INFORMATION PROVIDED -
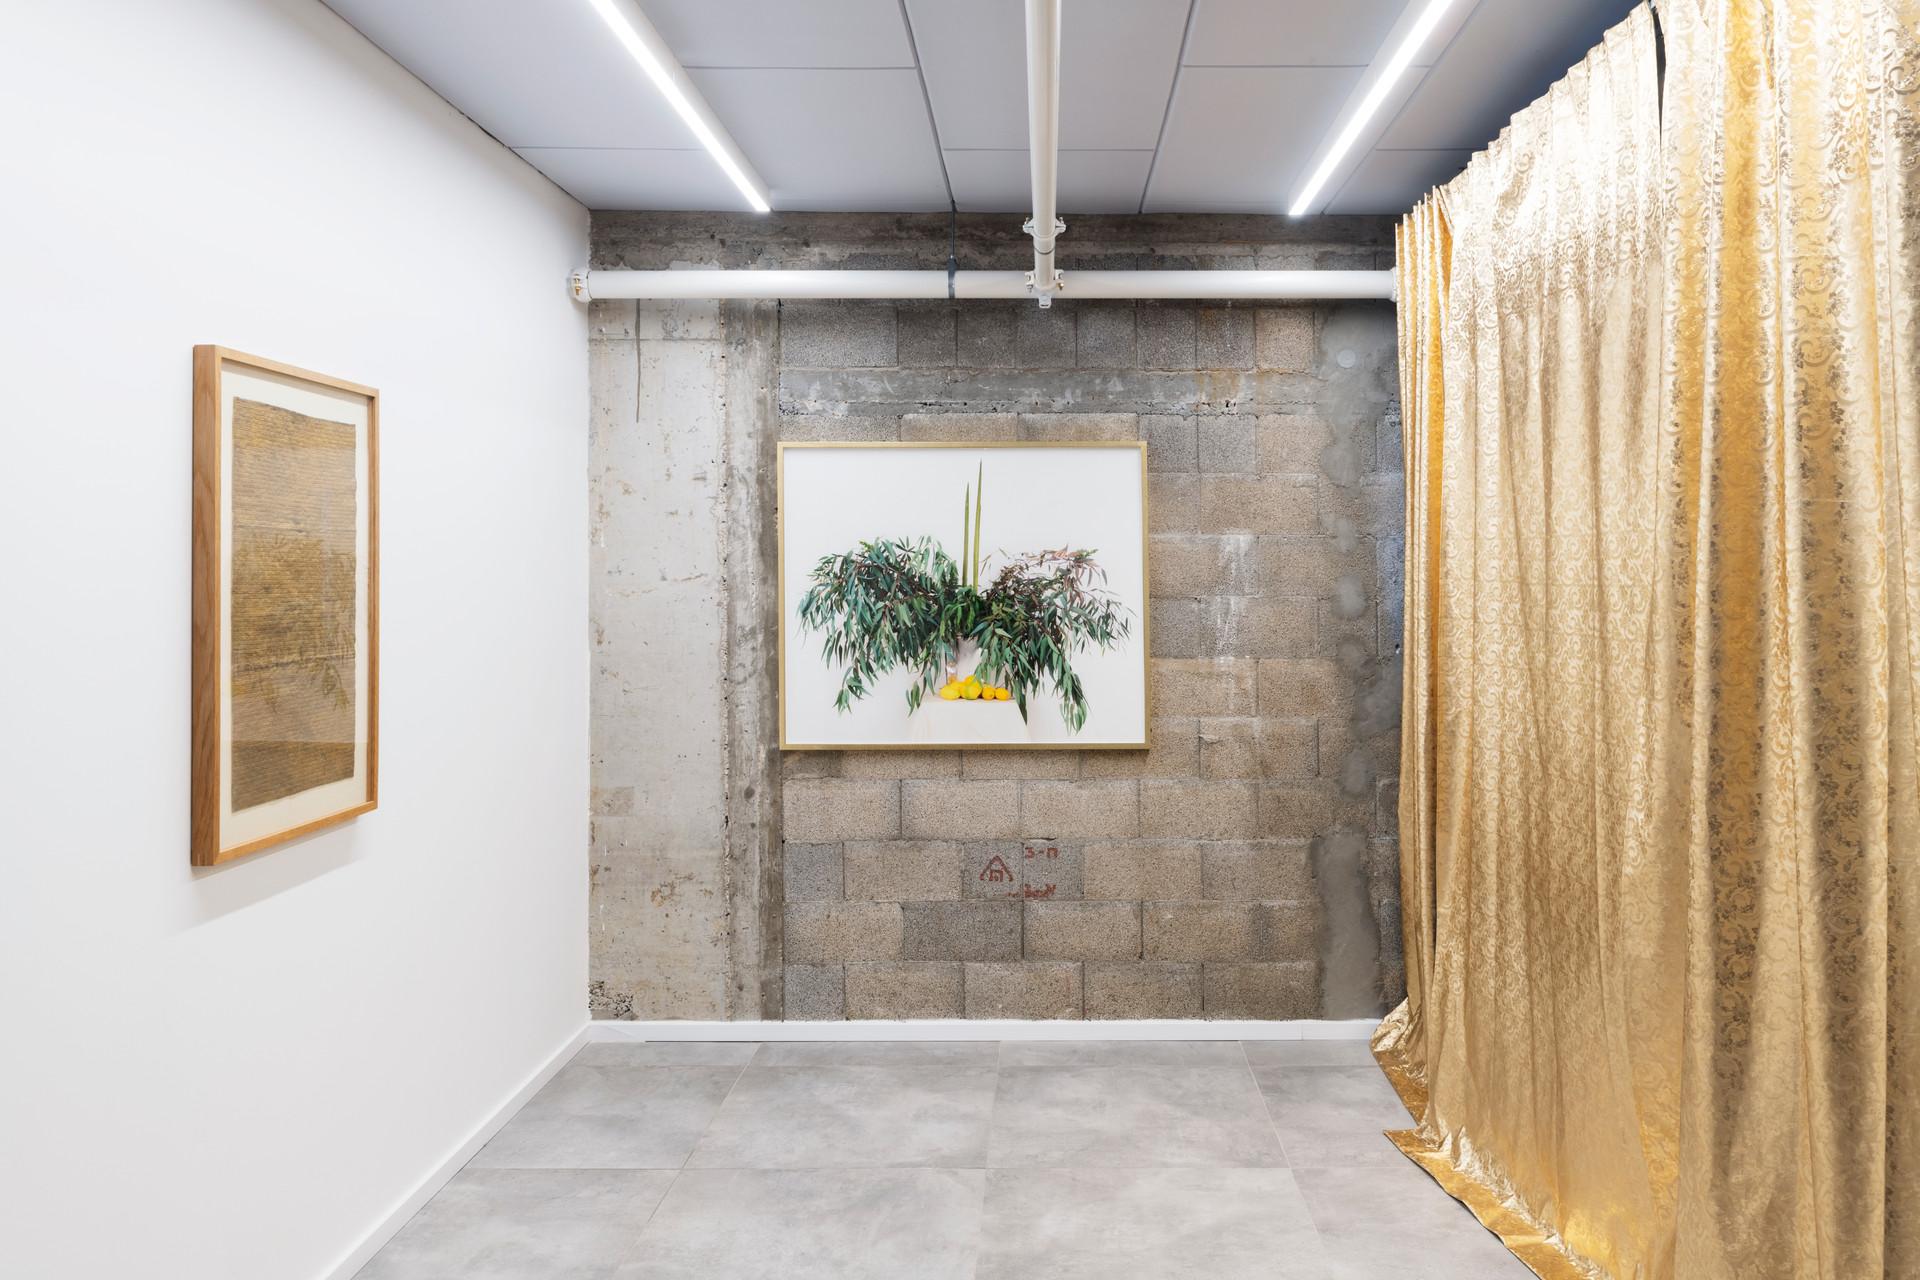 untitled (room), 2019
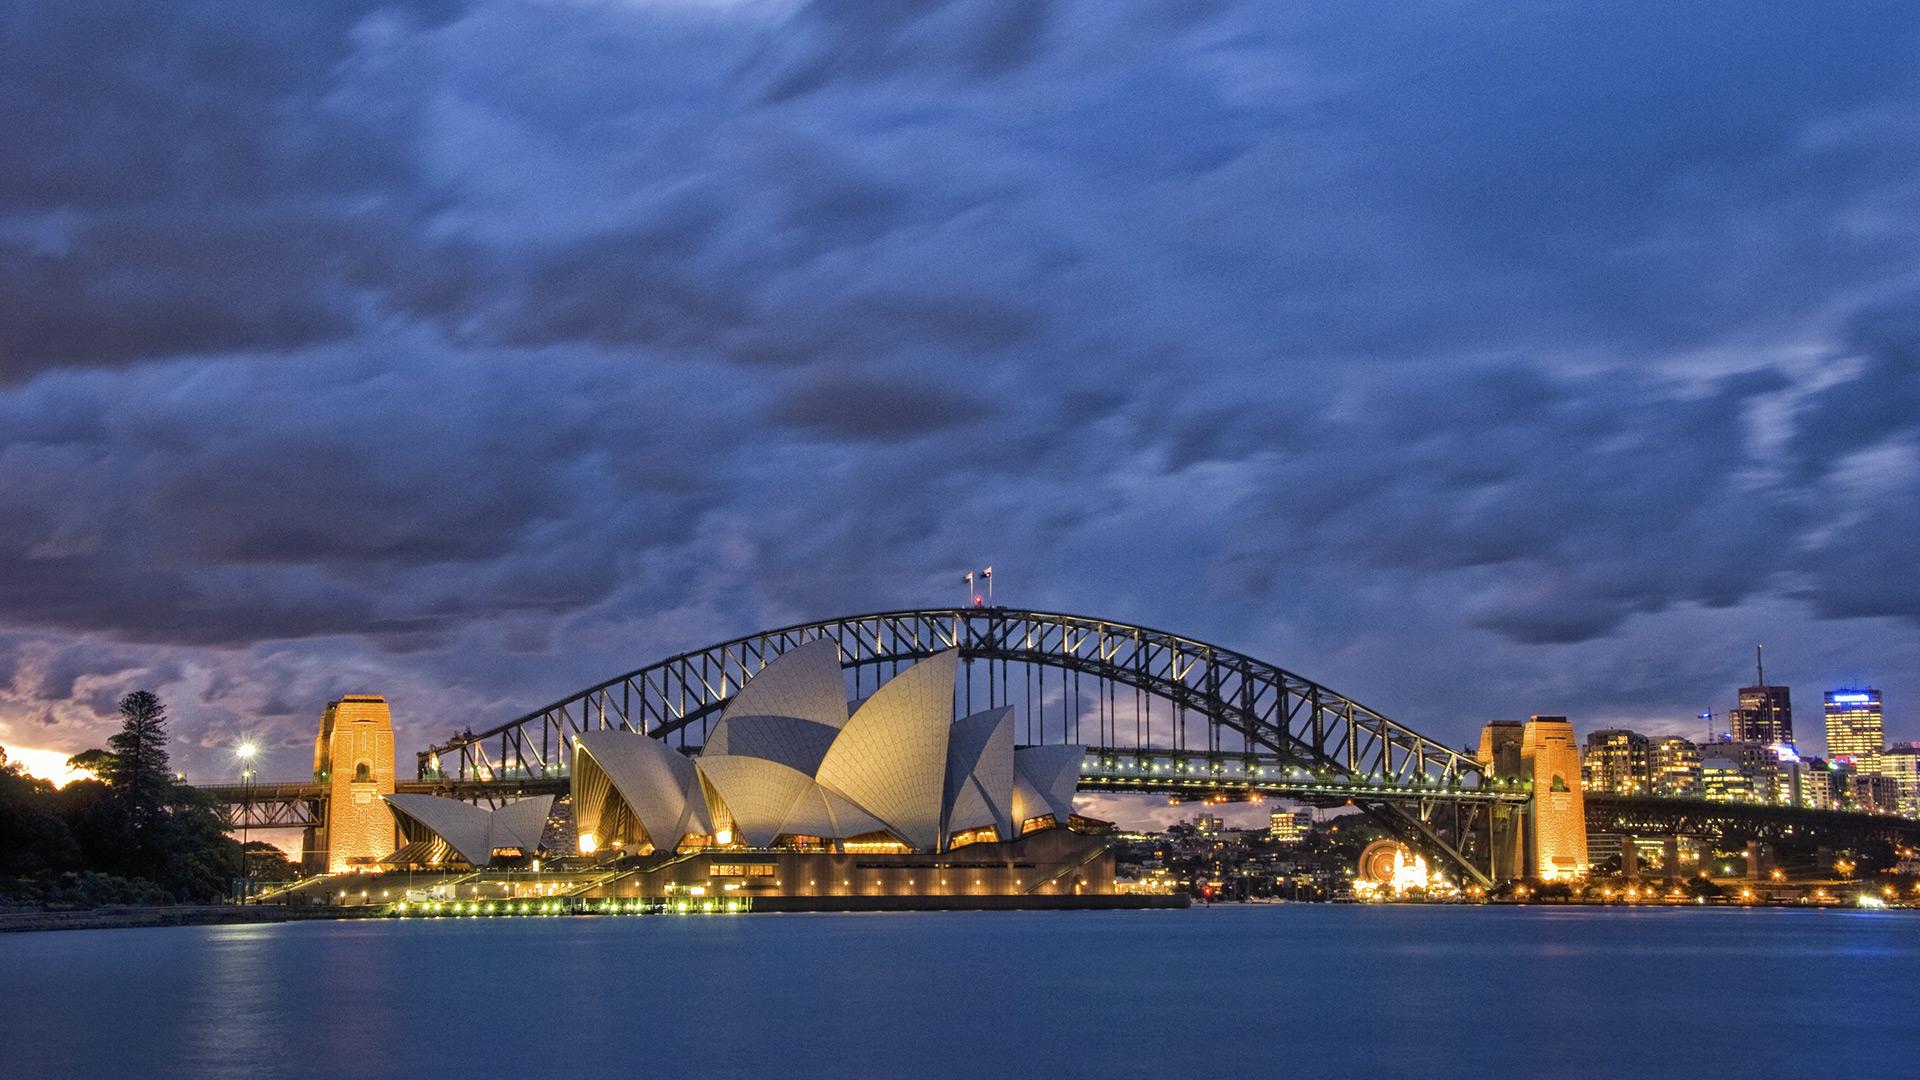 Australia | Sheknows.com
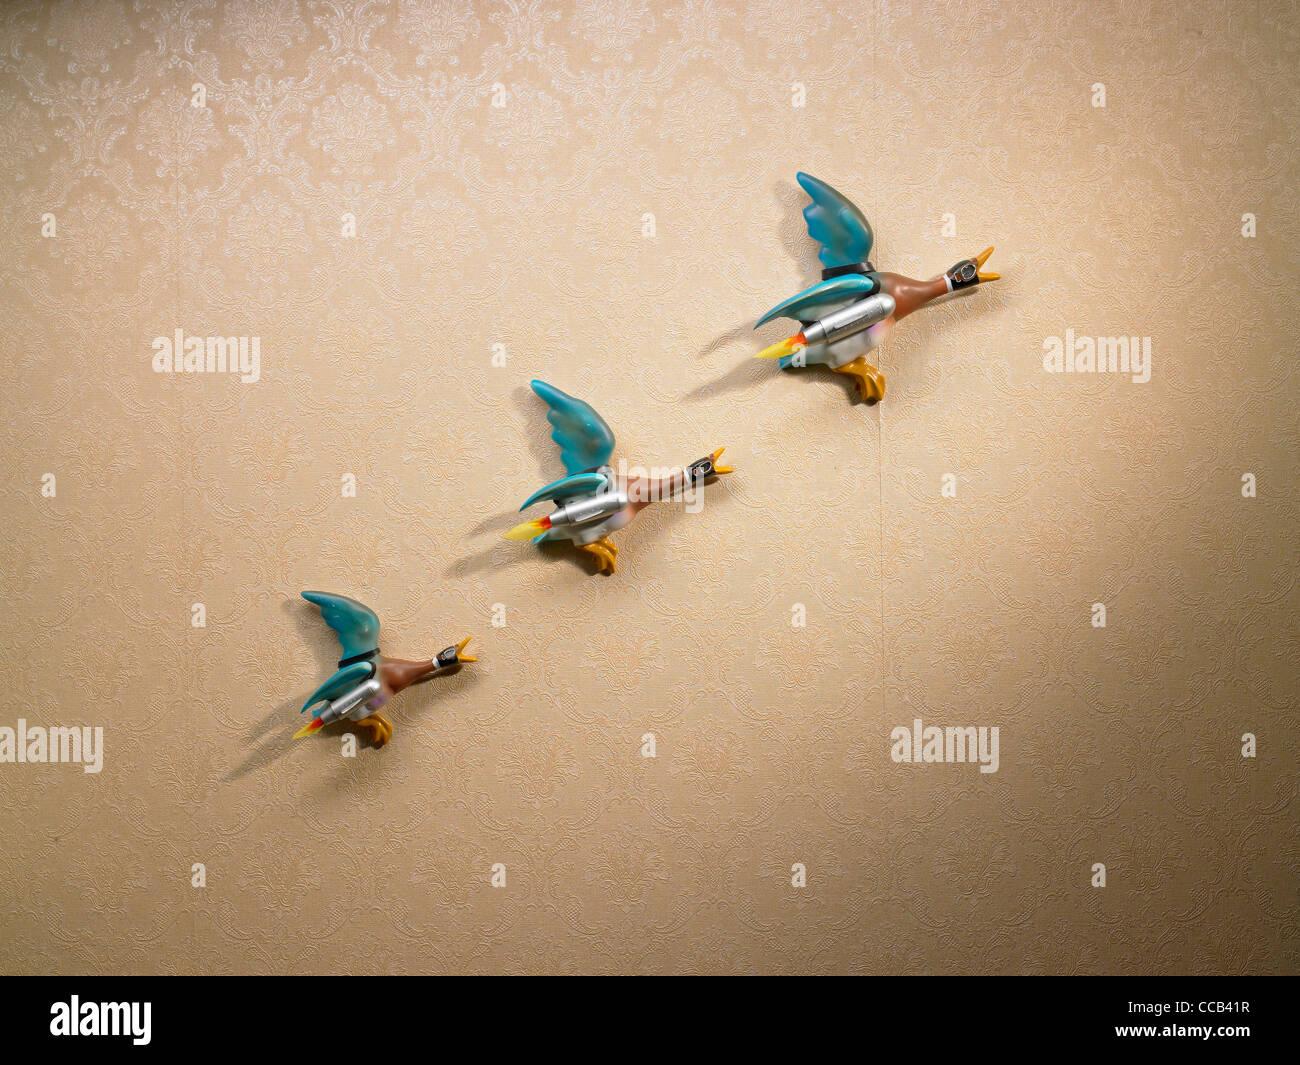 eine Linie der Rakete angetrieben Enten an der Wand Stockfoto

TASK DETAILS -
Apart from the images, every line above needs to be printed again exactly.

YOUR SOLUTION -
 untitled (room), 2019
 Australia | Sheknows.com
 eine Linie der Rakete angetrieben Enten an der Wand Stockfoto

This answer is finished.